= Lavalin =

Canadian civil engineering firm

Lavalin was a Canadian civil engineering and construction firm based in Montreal, Quebec. After a major expansion program in the 1980s that led to financial difficulties, in 1991 Lavalin merged with its long-time competitor, Surveyer, Nenniger & Chenevert Consulting Engineers (SNC), to become today's SNC-Lavalin (now AtkinsRéalis), forming one of the ten largest engineering firms in the world.

==History==
Lavalin was formed in 1936, through the partnership of Jean-Paul Lalonde and Romeo Valois of Montreal. The company was relatively small until Bernard Lamarre joined Lavalin in 1952, after marrying Louise Lalonde, Jean-Paul's daughter. Now known as Lalonde, Valois, Lamarre, Valois et Associés, the group was reorganised as Lavalin, Inc. Lamarre became head in 1962, and started a major international expansion. By 1970 the company was a major contractor. During the decade, in a partnership with Bechtel of the United States, the company managed the James Bay Project.

As Lavalin expanded, they started buying a number of other companies. This process started with other engineering firms like Fenco Engineering, Shawinigan Engineering, Warnock Hersey and Lafarge Coppee, the European cement and brick company. By the mid-1980s, Lavalin was the largest engineering firm in Canada with 5,700 employees, surpassing their rivals SNC, with revenues of C$500 million in 1983. Lavalin was exporting C$300 million worth of manufactured goods a year. In the mid 1980s, the company was retained for the design-build contract to complete the Montreal's Olympic Stadium including the 20,000 square meter retractable fabric roof.

As the international engineering business became more competitive in the 1980s, Lavalin started to branch out into other industries. In 1986, it acquired an 85% interest in Urban Transportation Development Corporation (UTDC) from the government of Ontario for C$50 million. They then purchased a number of companies unrelated to their engineering core, including the Kemtec petrochemical plant, the Bellechasse Hospital in Montreal, MétéoMédia's Weather Channel properties, book publisher Mondia, and attempted to enter the aircraft leasing business.
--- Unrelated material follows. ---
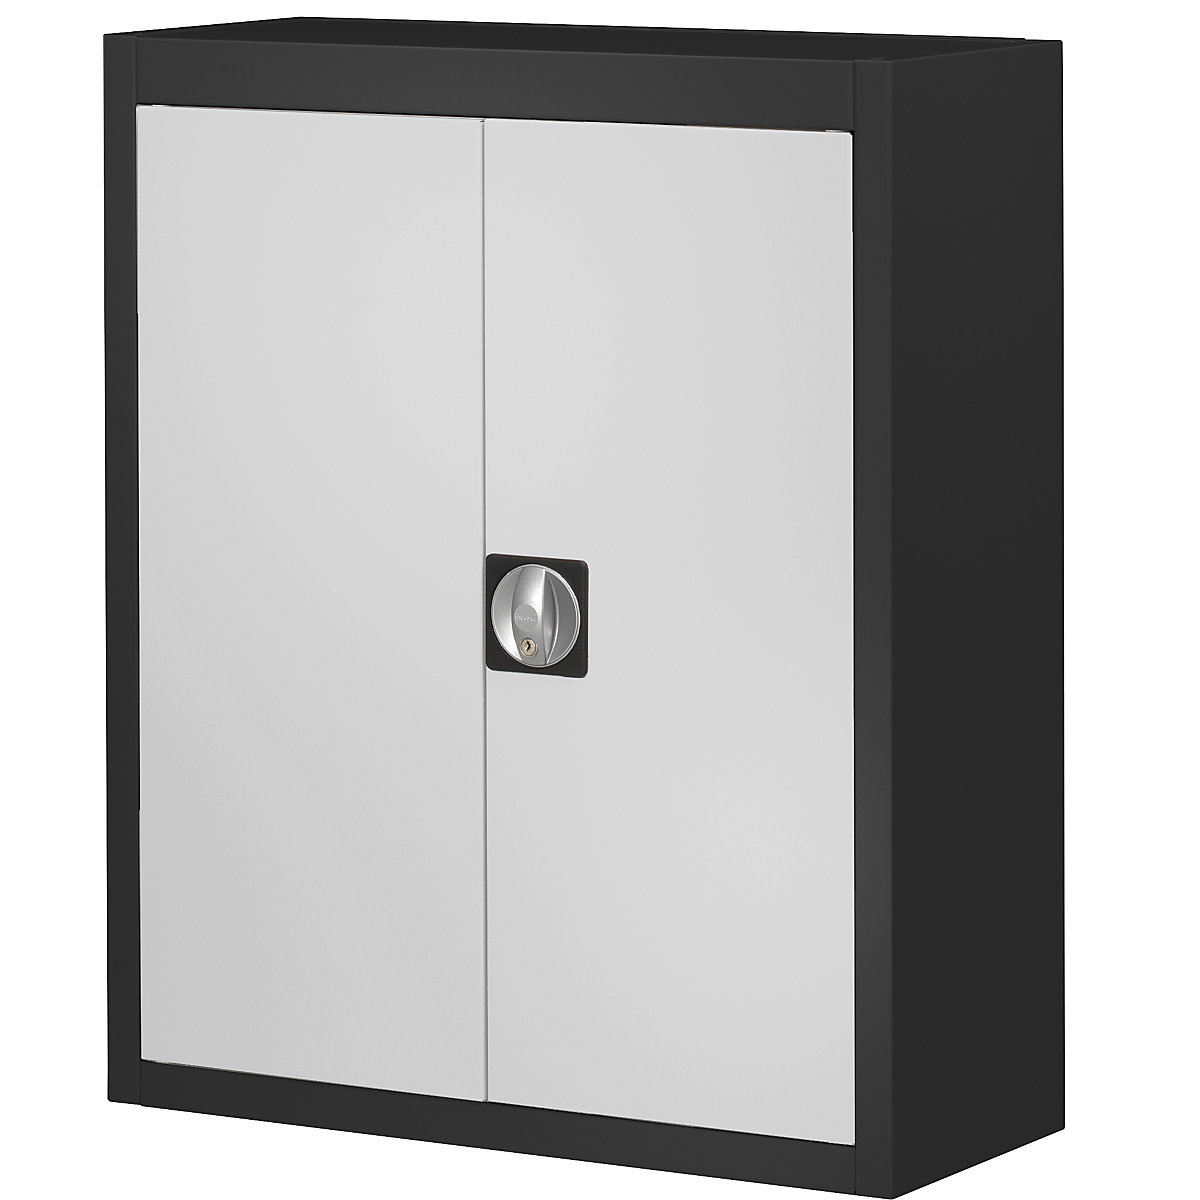 Rekesztároló szekrény, nyitott tárolódobozok nélkül – mauser, ma x szé x mé 820 x 680 x 280 mm, kétszínű, fekete váz, szürke ajtó, 3 db-tól-5

They also started into the real estate business, including building a new 55-floor headquarters in Montreal.

At the start of the 1990s, Lavalin was a C$1.2 billion conglomerate of more than 70 companies. However, it was also heavily in debt, to the point that its corporate financiers insisted they started selling off parts of the business. In 1991, Lavalin's bankers put it under pressure to be acquired by its chief rival, SNC, a deal that was concluded in August for C$400 million. One estimate ranked the company as the fifth-largest engineering firm in the world. Most of the non-engineering business were sold off as a part of this process; Bombardier bought UTDC and folded it into their Bombardier Transportation division, and Kemtec was sold off.